Ce qu'il faut comprendre
Google peut-il réellement contourner ma balise canonical ?
Oui. La balise canonical n'est qu'un signal pour Google, pas une directive stricte. Même si vous indiquez que votre version .de est la référence, Google garde la main pour décider quelle URL servir à l'utilisateur final.
Dans le cas d'un contenu quasi-identique diffusé sur plusieurs TLDs géographiques (.de, .at, .ch), Google privilégie la cohérence géographique entre la requête et l'URL servie. Un utilisateur à Vienne cherchant "assurance auto" verra la page .at, même si techniquement la .de est le canonical déclaré. Le moteur estime que la pertinence locale prime sur la déclaration technique.
Quelle différence entre canonical et serving selon la géolocalisation ?
Le canonical détermine quelle URL Google indexe et consolide les signaux SEO. C'est la version de référence pour le crawl, l'attribution des backlinks, le stockage dans l'index. En théorie, les autres variantes sont des doublons qu'on regroupe sous cette URL principale.
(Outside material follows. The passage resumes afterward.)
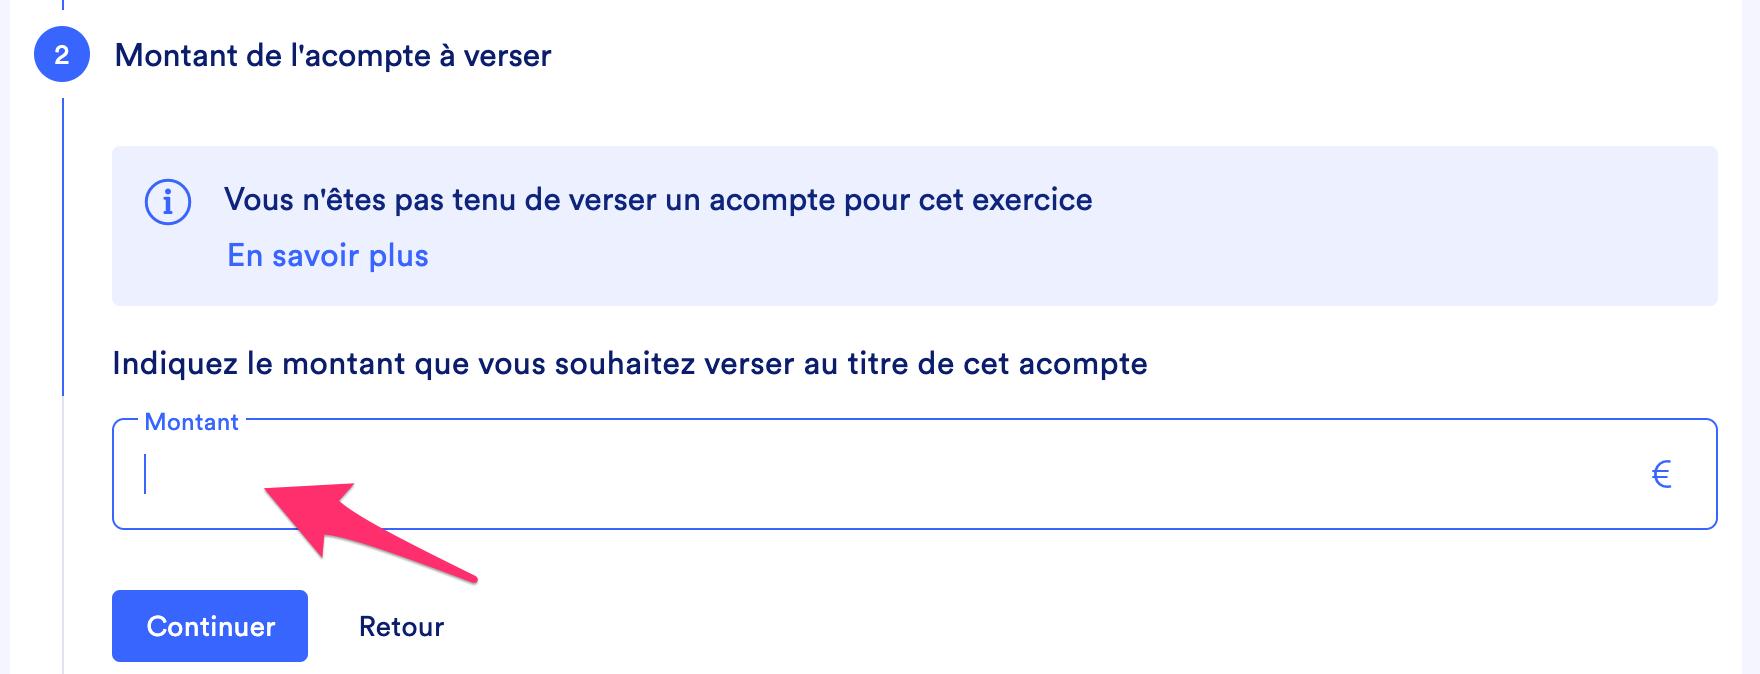 Indy_régime_simplifié_TVA2

Le serving, c'est l'URL que Google décide d'afficher dans les SERPs pour un utilisateur donné. La géolocalisation devient un facteur de ranking local qui peut écraser le choix du canonical. Résultat : vous pouvez avoir une URL .de comme canonical dans l'index, mais un chercheur autrichien verra la .at dans ses résultats.
Cela s'applique-t-il uniquement aux TLDs géographiques ?
La déclaration de Splitt mentionne explicitement les TLDs (.de / .at), mais la logique peut aussi toucher les sous-domaines ou sous-dossiers avec ciblage géographique via Search Console (pays cible défini, hreflang configuré). Google dispose de plusieurs signaux pour déterminer qu'une URL sert une zone spécifique.
Si vous utilisez un .com/de/ et un .com/at/ avec hreflang, la même mécanique peut opérer. Google ajuste l'URL servie selon l'IP, les paramètres langue navigateur, l'historique de recherche. Le canonical reste valide pour l'indexation, mais le serving diverge selon le contexte utilisateur.
- Le canonical définit l'URL de référence dans l'index Google — celle qui accumule les signaux SEO.
- Le serving géolocalisé peut substituer une variante régionale dans les SERPs selon la position de l'utilisateur.
- Cette logique s'applique aux TLDs géographiques, mais aussi aux sous-domaines ou sous-dossiers avec ciblage pays.
- Google combine plusieurs signaux (IP, langue navigateur, historique) pour ajuster l'URL servie.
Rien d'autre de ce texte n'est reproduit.